■ RECORDED DATA
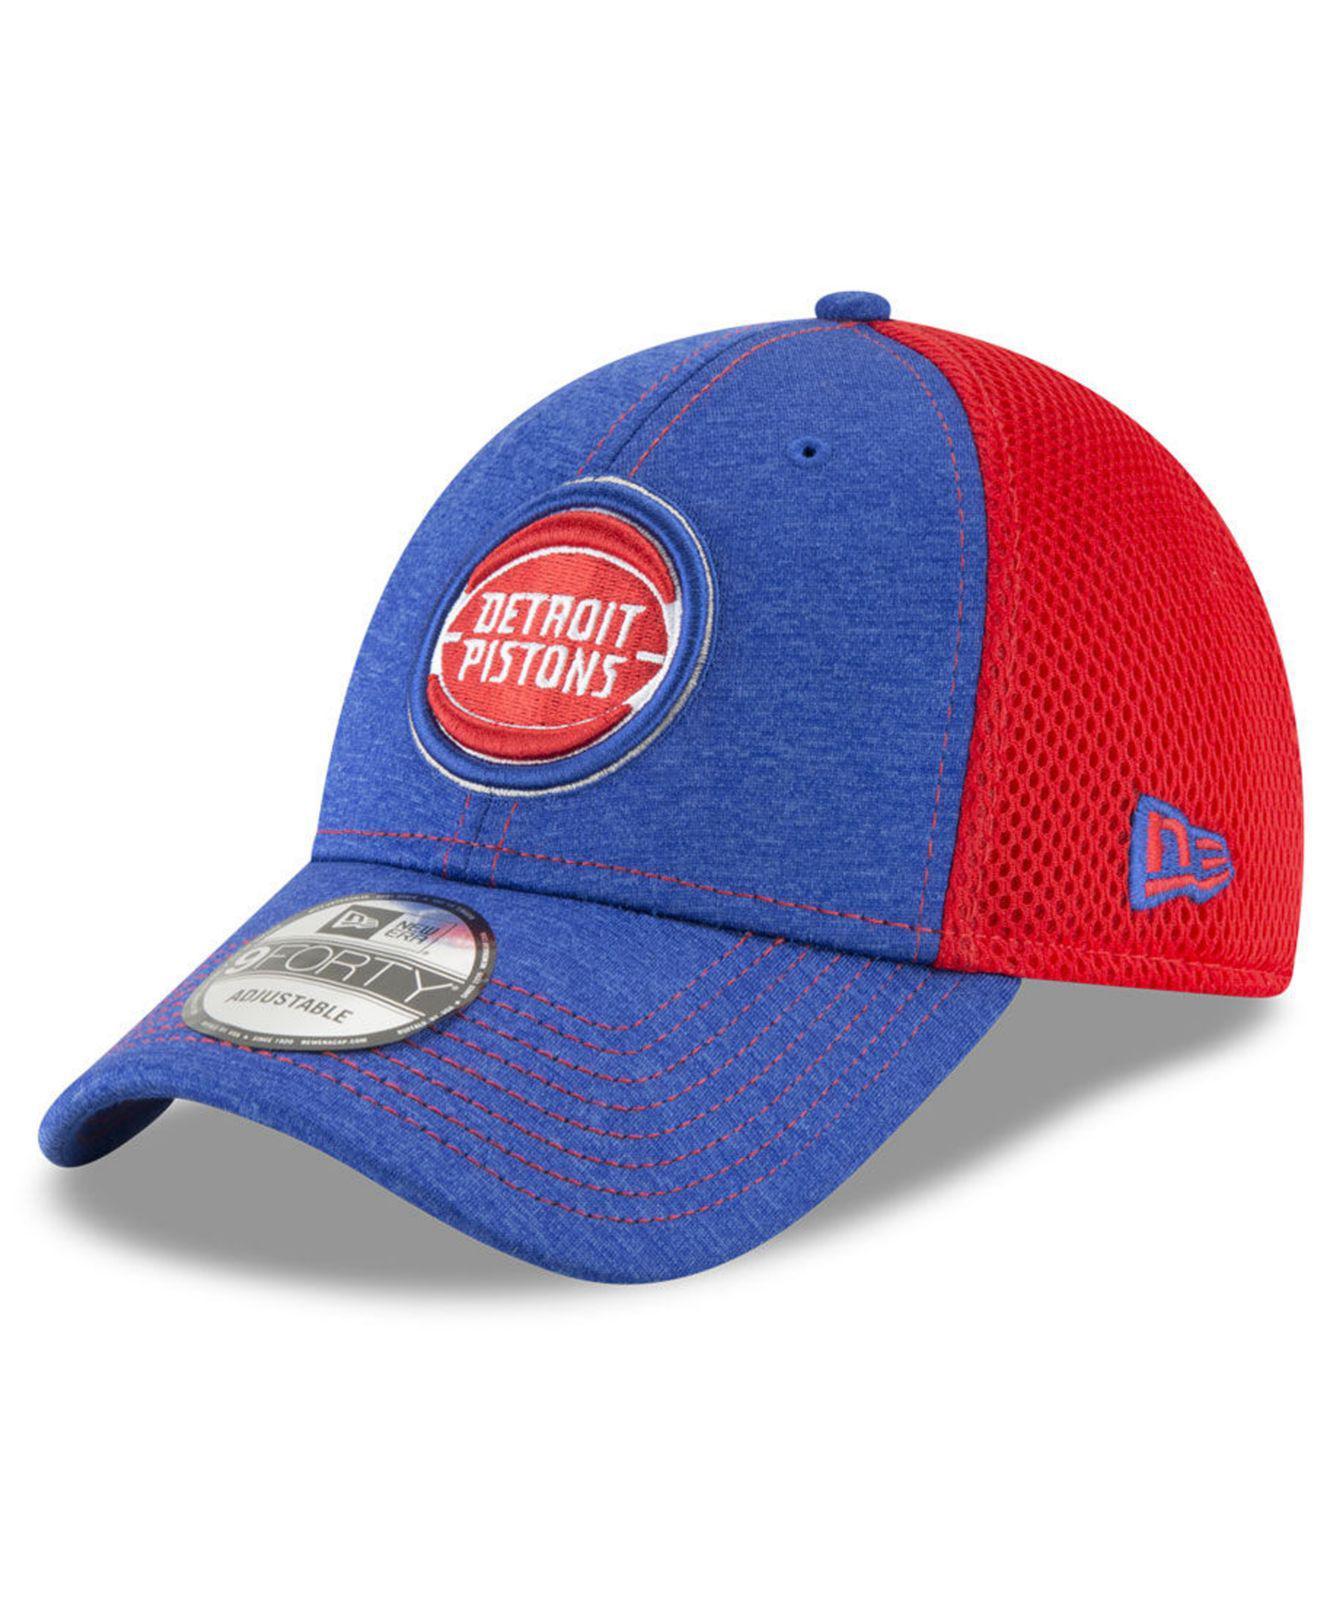 308096be2ff Lyst - KTZ Detroit Pistons Shadow Turn 2 Adjustable Cap in Blue for Men
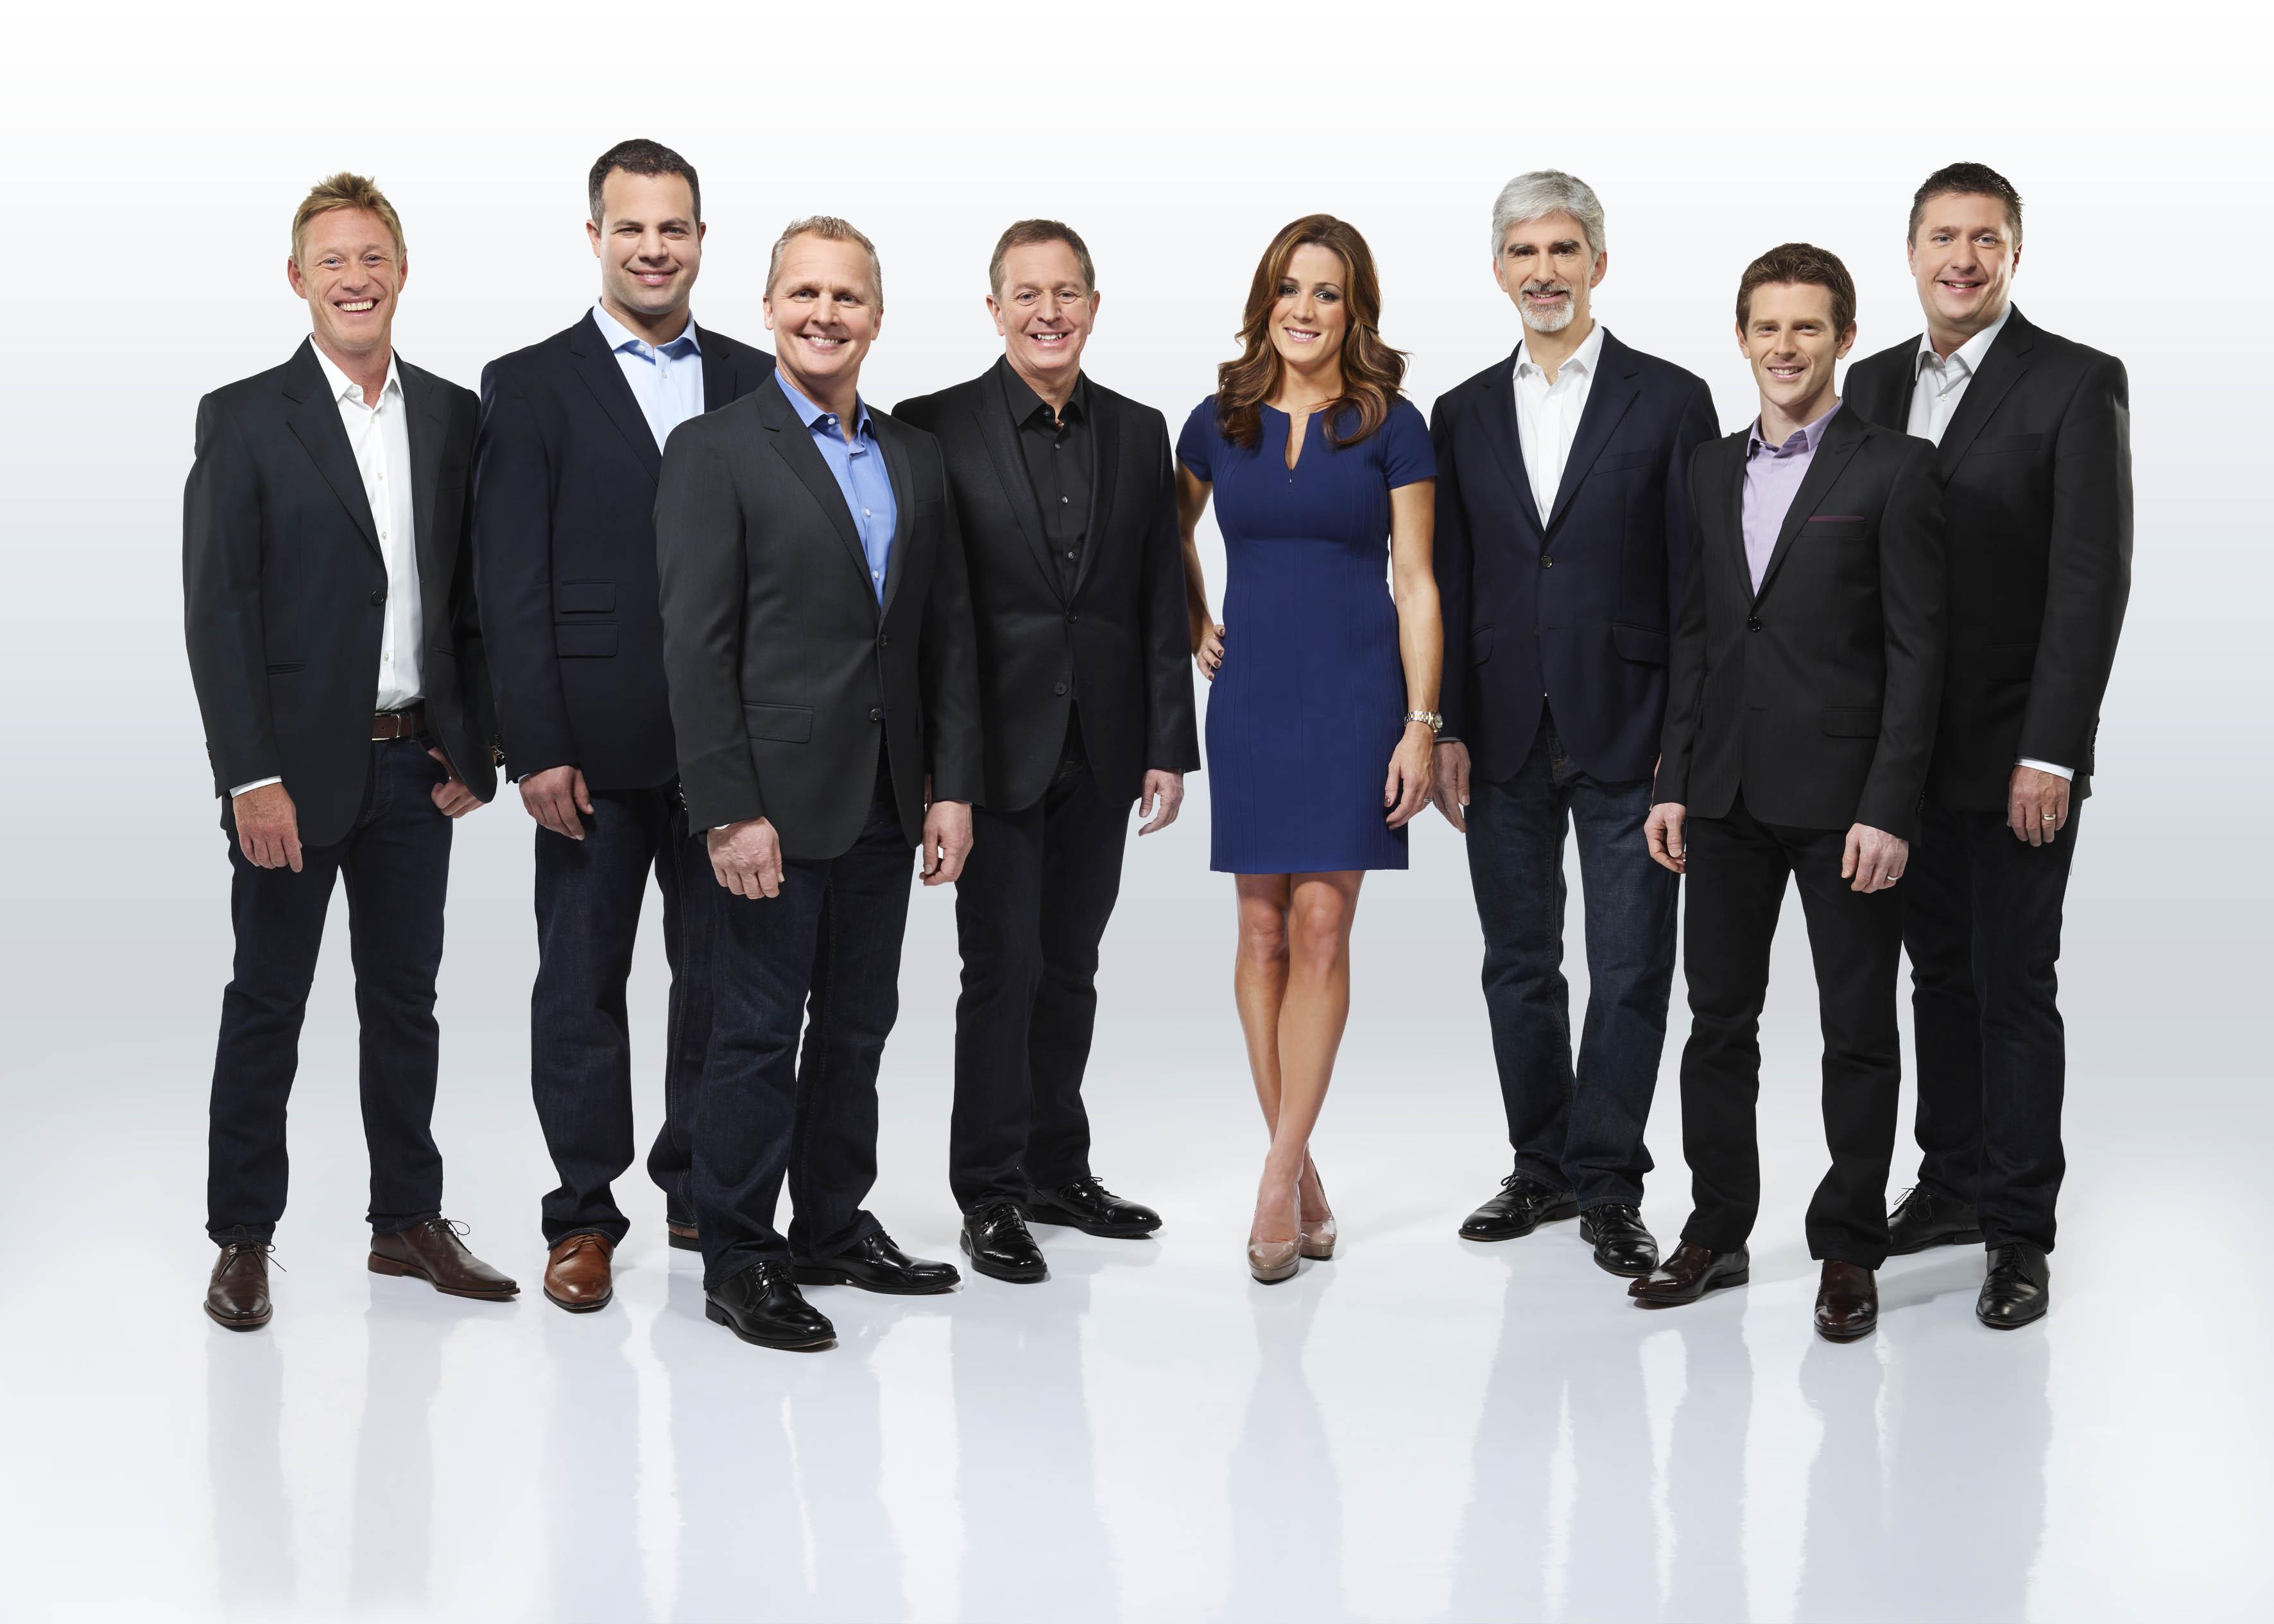 f1-presenters-group-2013.jpg
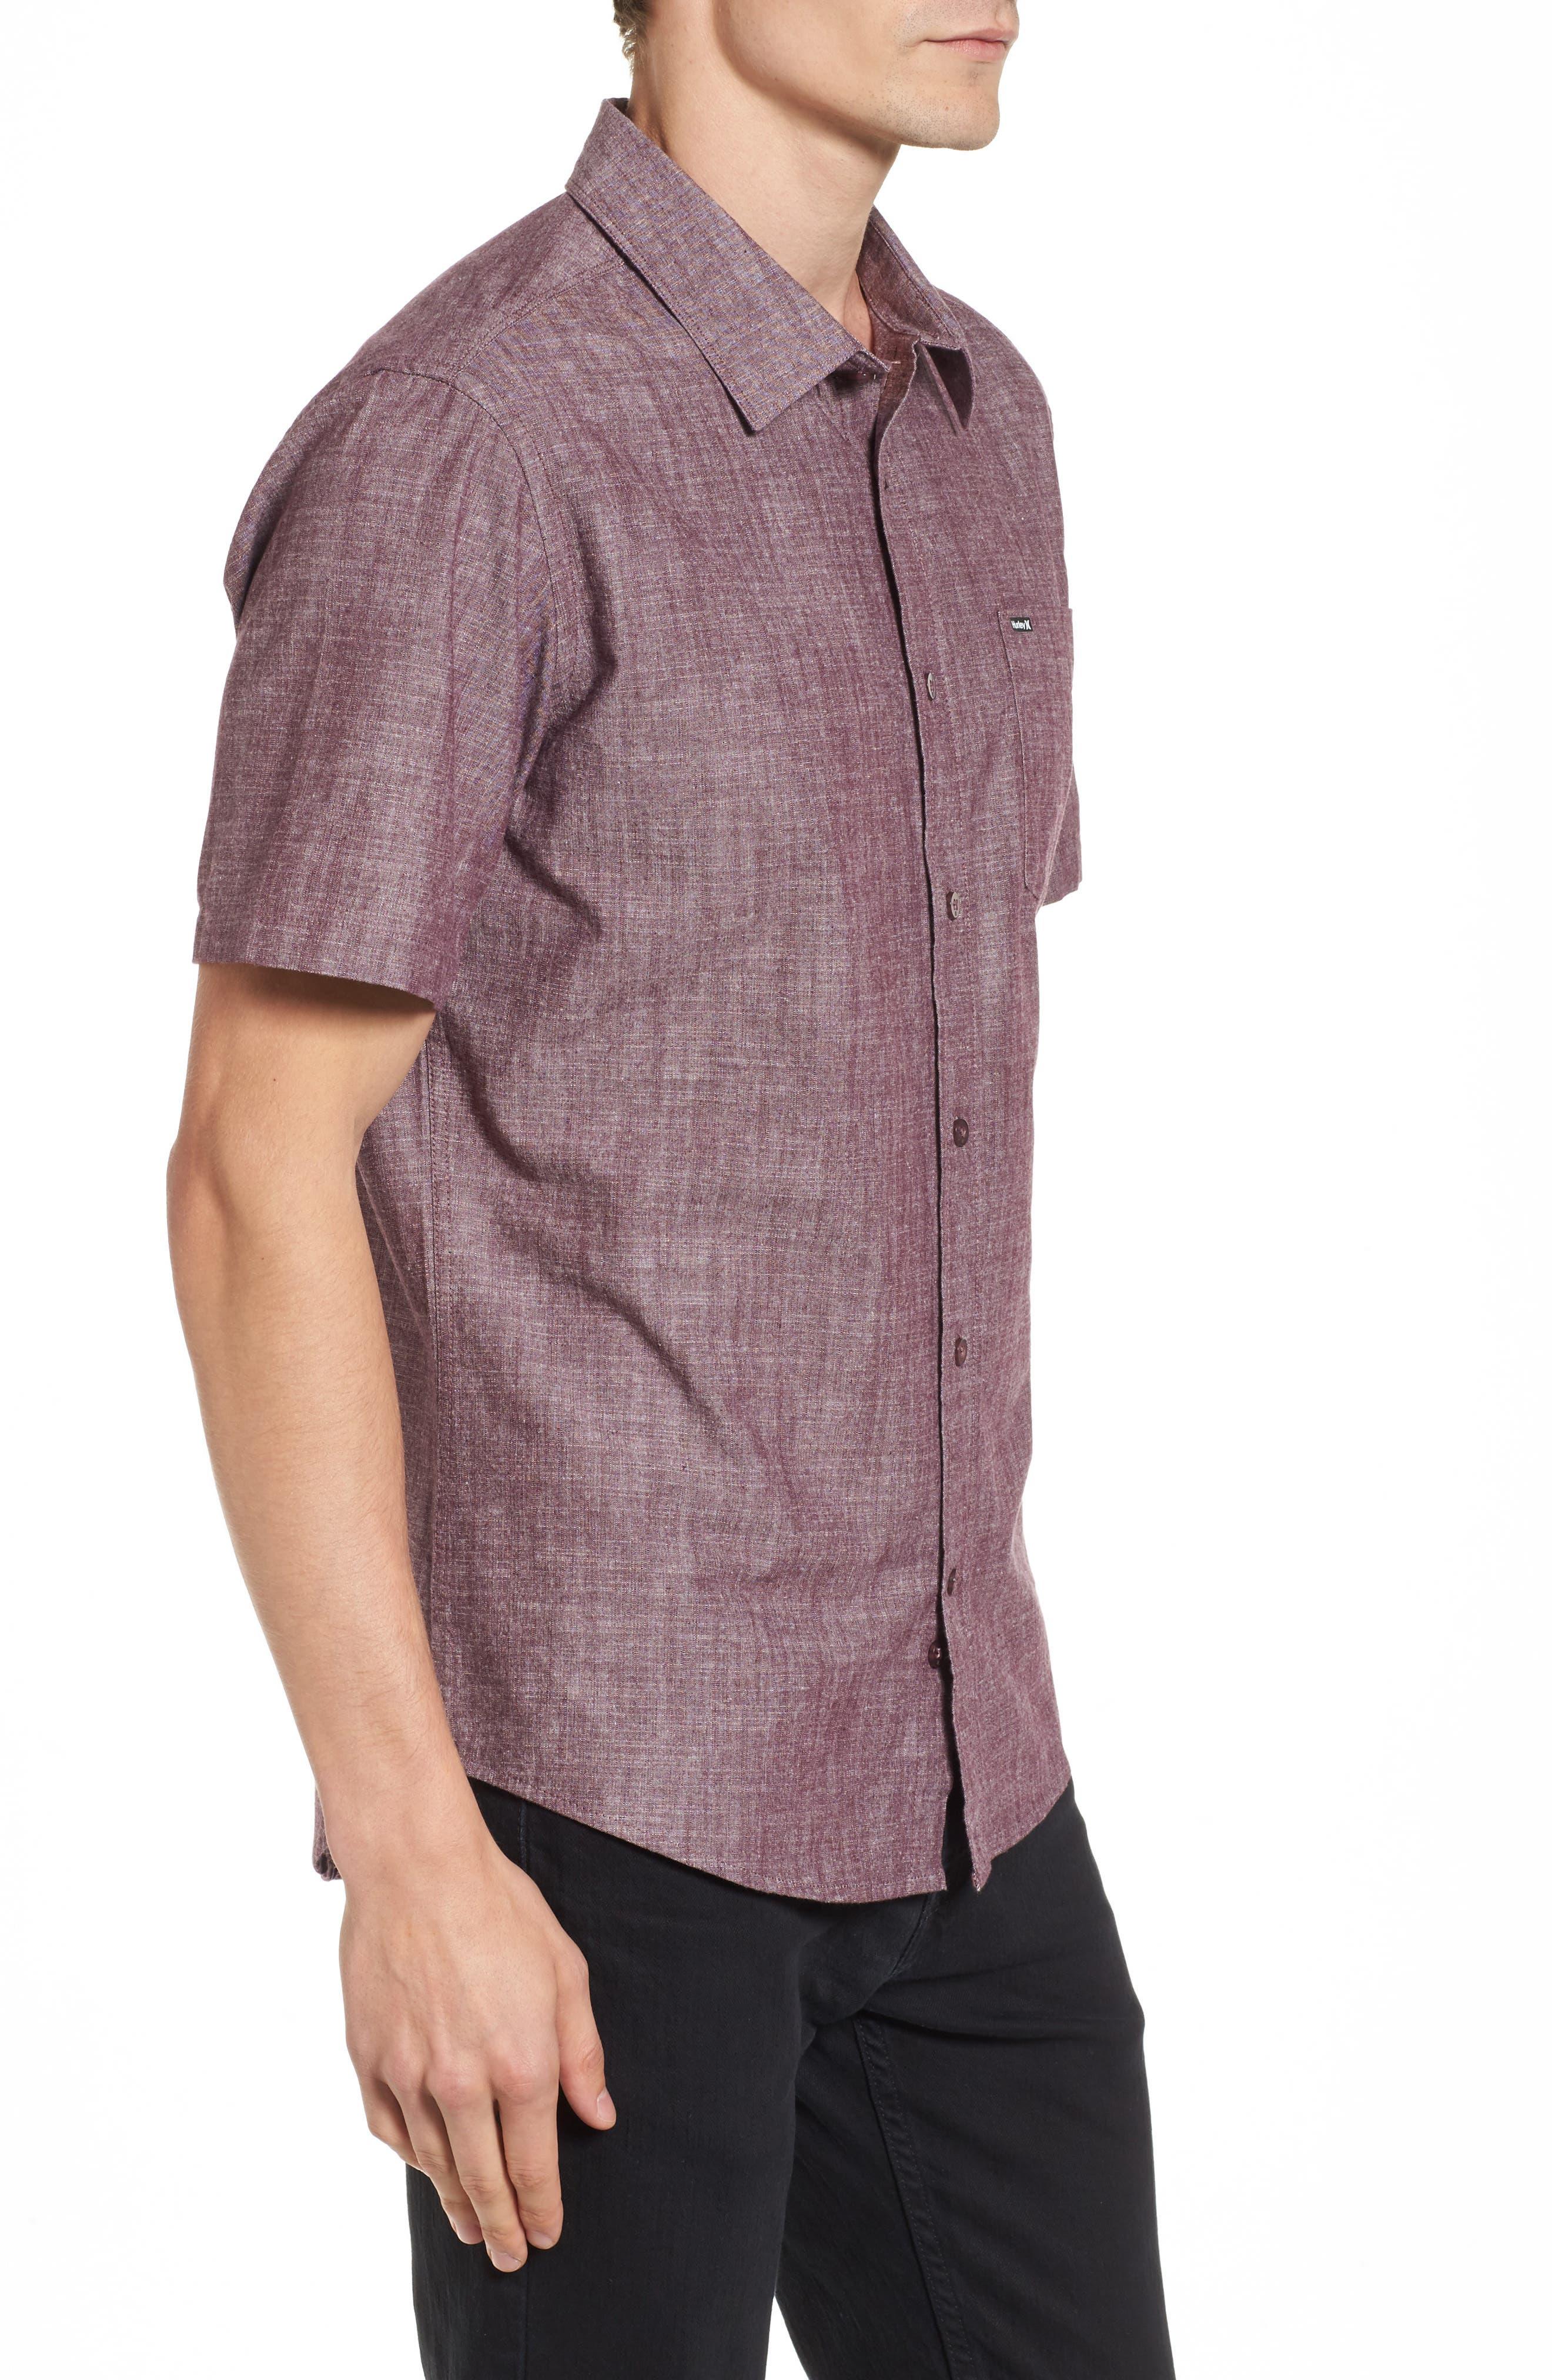 O & O 3.0 Woven Shirt,                             Alternate thumbnail 3, color,                             644

■ WHAT YOU NEED TO DO
What is needed is a verbatim copy of the material, minus its pictures.

■ RESPONSE
 308096be2ff Lyst - KTZ Detroit Pistons Shadow Turn 2 Adjustable Cap in Blue for Men
 f1-presenters-group-2013.jpg
 O & O 3.0 Woven Shirt,                             Alternate thumbnail 3, color,                             644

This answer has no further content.